Nampak Dryan pun segera menghadang langkah Moona. "Moona tunggu!" ucap Dryan hingga membuat langkah Moona pun terhenti.
"Iya pak?" ucap Moona dengan memasang wajah senyum dan ramah.
Sedangkan Ryan yang melihat Dryan dan Moona pun merasa jengah dan jengkel. "Dasar wanita murahan dan genit!" gumam Ryan dengan segera melangkah menuju ke arah Moona.
Dengan sengaja Ryan pun melewati Moona dengan menubruk sedikit tubuh Moona hingga terhuyung dan jatuh.
"Ups, sorry sengaja. Makanya kalau lagi cinta-cintaan itu jangan di lorong perusahaan," ucap Ryan dengan tanpa merasa bersalah sama sekali.
Sedangkan Moona pun nampak meringis kesakitan memegang perut dan pantatnya.
Dengan sigap Dryan pun memapah dan mendudukkan tubuh Moona di kursi panjang yang di sediakan di sepanjang lorong tersebut.
"Maafkan kakak ku ya Moona. Apa perlu kita kerumah sakit?" tanya Dryan dengan cemas.
"Tidak apa-apa Pak. Jika bapak tidak ingin saya terlibat masalah lagi maka saya mohon segera menjauhlah dari saya pak," ucap Moona dengan lirih menahan air mata nya agar tidak jatuh.
"Nanti seperti nya perusahaan papa kamu akan melakukan meeting disini.

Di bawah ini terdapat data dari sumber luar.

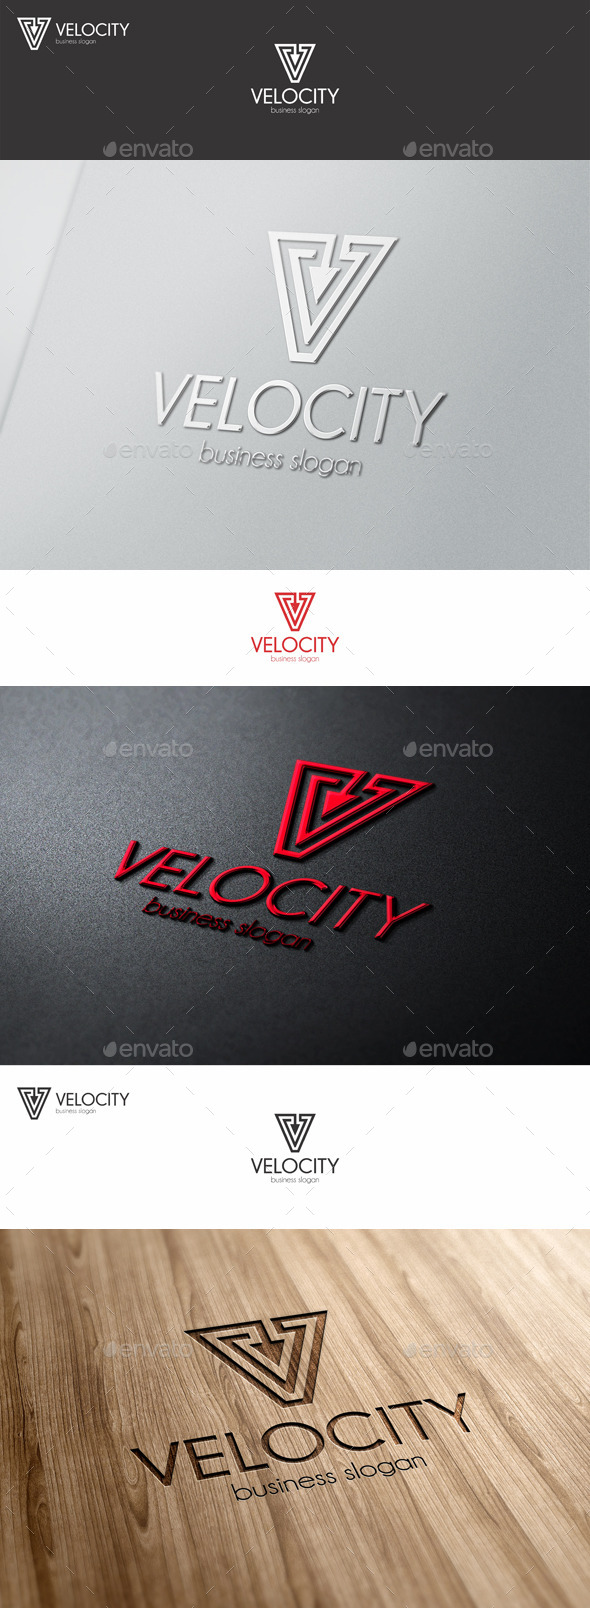 Velocity Vector - V Letter Logo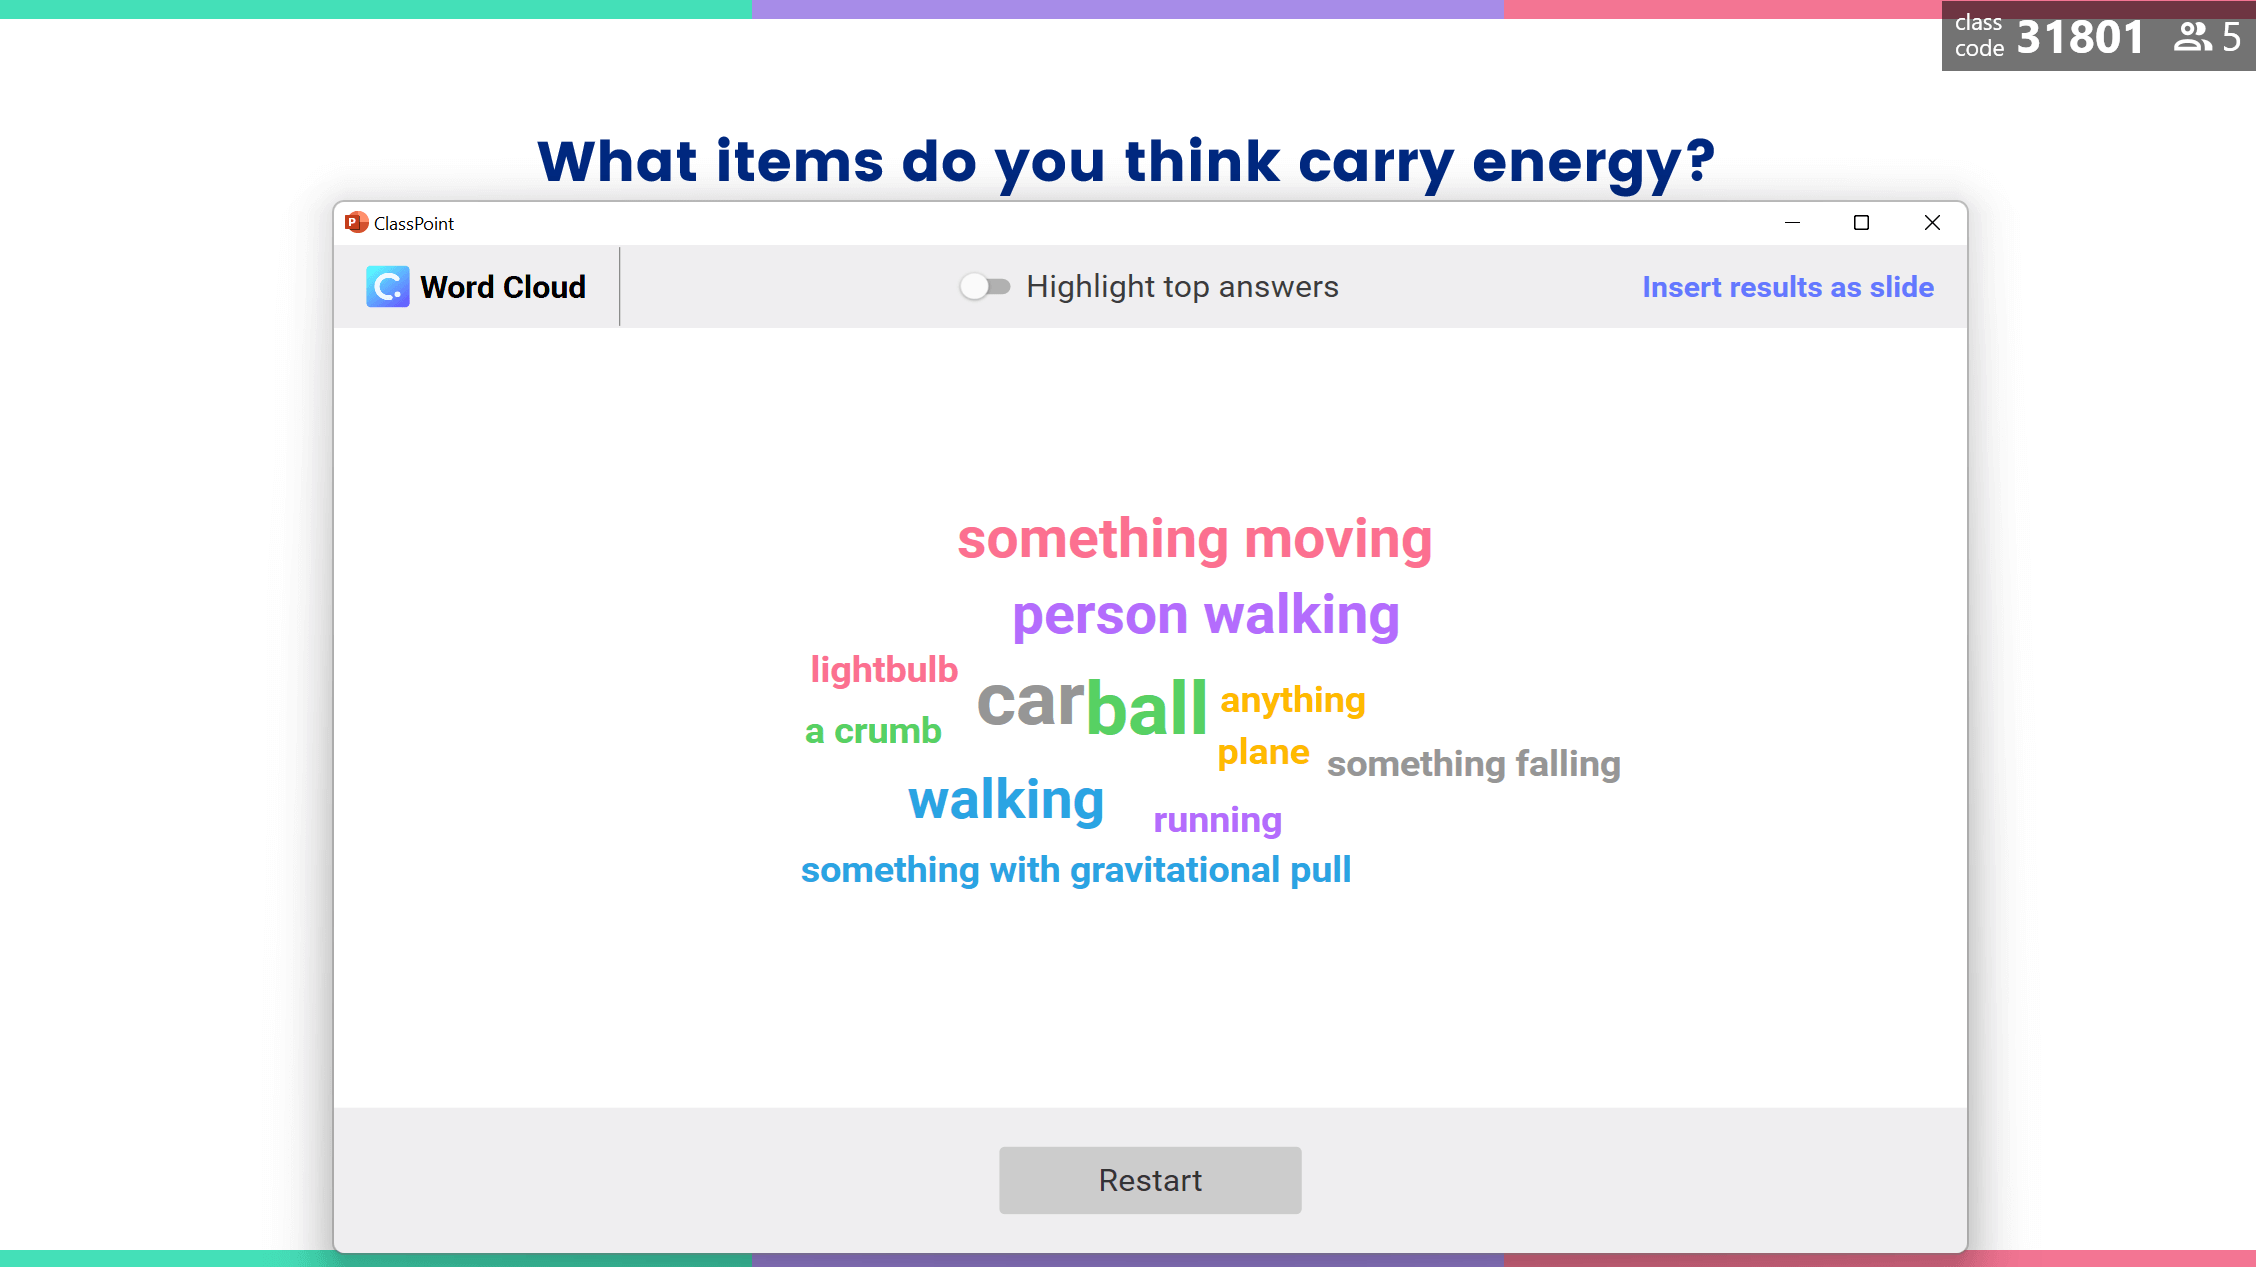 Activités sur le nuage de mots : Selon vous, quels sont les objets qui transportent de l'énergie ?

Jika kamu rindu dan ingin bertemu dengan papa kamu nanti aku carikan kesempatan untuk kalian mengobrol," ucap Dryan berusaha memberikan informasi untuk Moona.
Moona pun nampak berfikir dan kemudian menggelengkan kepalanya.
"Tidak usah Pak. Hari ini saya sangat sibuk. Lain waktu saja. Lagian saya juga belum terlalu merindukan papa. Saya undur diri terlebih dahulu. Permisi Pak," ucap Moona dengan segera menjauh dari Dryan.
Moona pun segera melangkah menuju ke arah kamar mandi dan segera menumpahkan air mata nya tersebut. Dirinya pun kembali menangis tergugu.
Siapa yang tidak merindu dan tidak ingin bertemu dengan papa yang sangat ia sayangi tersebut. Moona sangat ingin bertemu. Namun Moona sangat takut jika sang papa pun menyadari ke adaan Moona yang nampak tidak baik-baik saja.
Moona pun terus menangis dengan memukul-mukul kuat dada nya tersebut hingga merasakan sedikit lega.
"Superwoman jangan menyerah!" teriak Moona.
Setelah itu Moona pun segera membasuh wajahnya serta kembali menuju ke dalam ruangan nya dengan menampilkan wajah ceria nya.
"Hai Lily ku sayang," sapa Moona kepada Lily yang sedang melamun tersebut.
Lily pun nampak mendongak dan menatap wajah Moona. "Nanti makan siang bersam ya Moon?" ajak Lily.
"Hadehh, selalu itu yang kamu tanyakan kepada ku. Iya baiklah nanti siang kita ke kantin bersama," jawab Moona dengan tersenyum.
"Nah gitu dong. Dari kemarin kita itu kesepian tau Moon gara-gara kamu enggak mau ikut makan siang. Ditambah Dika yang sangat menyebalkan jika kamu tidak ikut," ucap Lily mengadu.
Sedangkan Moona nampak mengacak rambut Lily dengan samar dan tertawa bersama.